Phases of the experiments
Phase 1 – Identifying difficult vowels and consonants
Students were invited to take a preliminary test. The sounds of pairs of words were played by a computer system. All of these words contained vowels and consonants that would be difficult for Hong Kong students to pronounce. The students were asked to select the answer from a pair of words. The error rates were recorded and analysed. These rates enabled us to identify the vowels and consonants that each individual found to be difficult. Phase 2 – Using the computer systems
Students pronounced the words with which they had problems, as identified by our system. The computer displayed the waveform (as in Figure 2) and their facial expressions on the screen. The waveform and the correct facial movement of a native speaker were also displayed on the screen for comparison. Phase 3 – Evaluating the improvement
After about 10 weeks of training, students were asked to take the listening test again. The error rates were recorded and analysed. The results of this phase were compared with those in phase 1.

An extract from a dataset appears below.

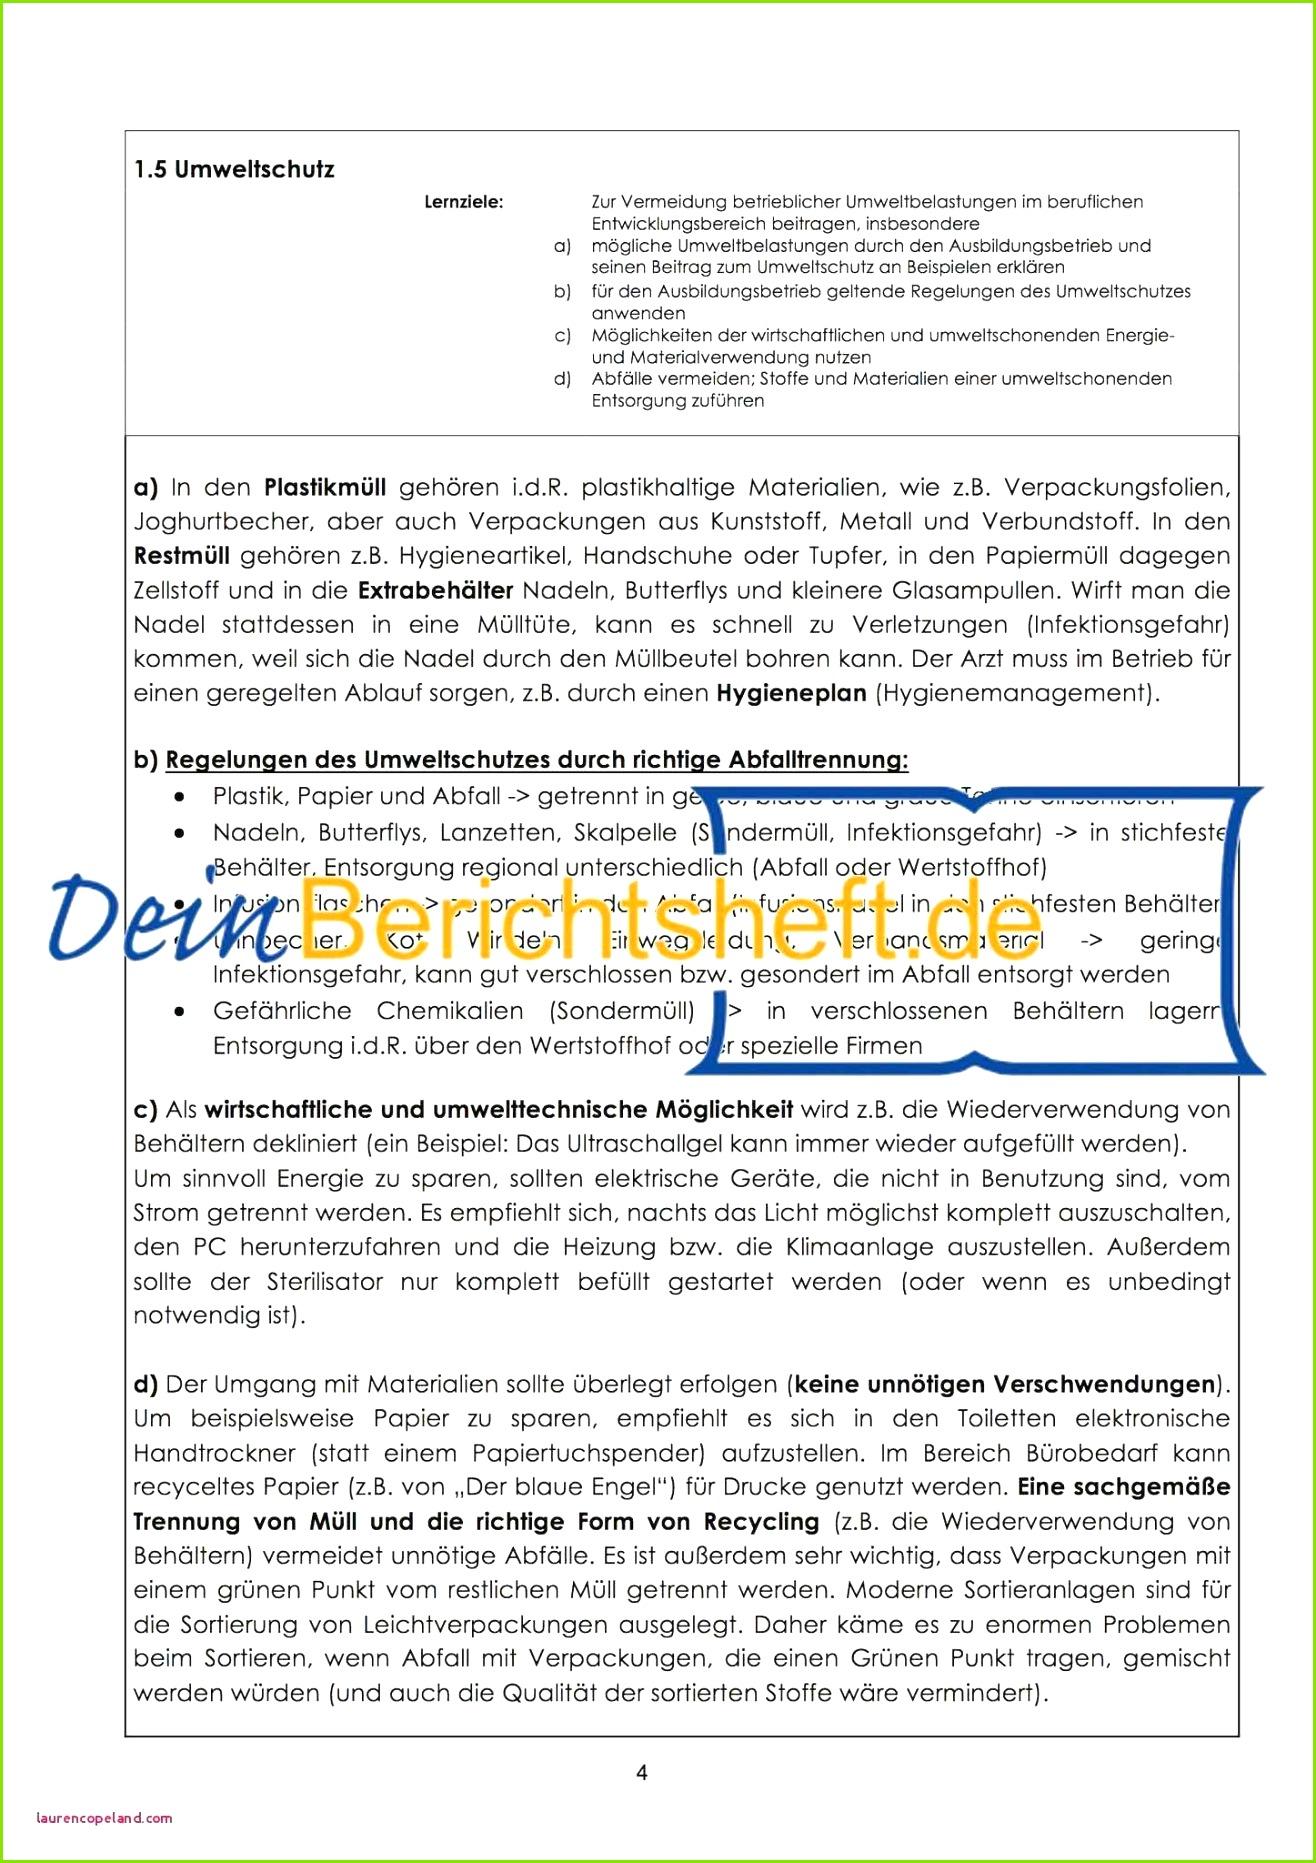 Praktikum Muster Neu Kundigung Wegen Umzug Vorlage 12 Deckblatt Praktikum Kindergarten

Results and future research
Fifty-two students participated in this project. In the very beginning, they took a listening test. We played the sound of a word and asked them to identify the word from a pair of words. Their errors were recorded. These tests were recorded and analysed to determine each individual’s weaknesses.
We provided a brief face-to-face lecture to students about pronunciation theories (as discussed in the previous section). We taught them the proper positions of the tongue and lips. Training exercises with our computer system were provided to students according to their individual errors. The system provides constant visual feedback and guidance in these exercises. At the end of this project, the students were asked to take another test. The post-test has similar contents of the pre-test. These tests were developed by members in our research team. Each test consists of 100 pairs of words. These tests were designed according to the vowels and consonants (Huang, 1983) that the students had difficulties in Hong Kong. These words are very common in daily usages. Students above form 4 level in secondary school should have the knowledge of these words.
The results are summarized and presented in Table 1 and Figure 6. Ninety per cent of the students who took the second test were able to achieve improvements of more than 15% in identifying the right words and sounds in the listening tests. Their pronunciation skills also improved, although it was more difficult for us to quantify these improvements. The results provide further evidences that there are strong correlation between listening capacities and pronunciation skills (Abdolmanafi-Rokni, 2013; Shimamume and Smith, 1995).
Summary of scores.

Comparison of scores.
The results are exciting, as the duration of our project was quite short. They prove the feasibility of using speech analysis and visual images to improve the learning process. Although, theoretically, the same result can be obtained with a patient and dedicated language teacher, our approach is more cost effective. It will be worthwhile in the future to carry out more studies involving more students, and involving longer periods. That will enable us to obtain a better understanding of the learning process and fine-tune our system. With proper modifications, our system will also be a useful tool for teaching deaf students to talk.
Footnotes
Declaration of Conflicting Interests
The author(s) declared no potential conflicts of interest with respect to the research, authorship, and/or publication of this article.
Funding
The author(s) disclosed receipt of the following financial support for the research, authorship, and/or publication of this article: This work was supported by the grants of Lingnan University, Hong Kong.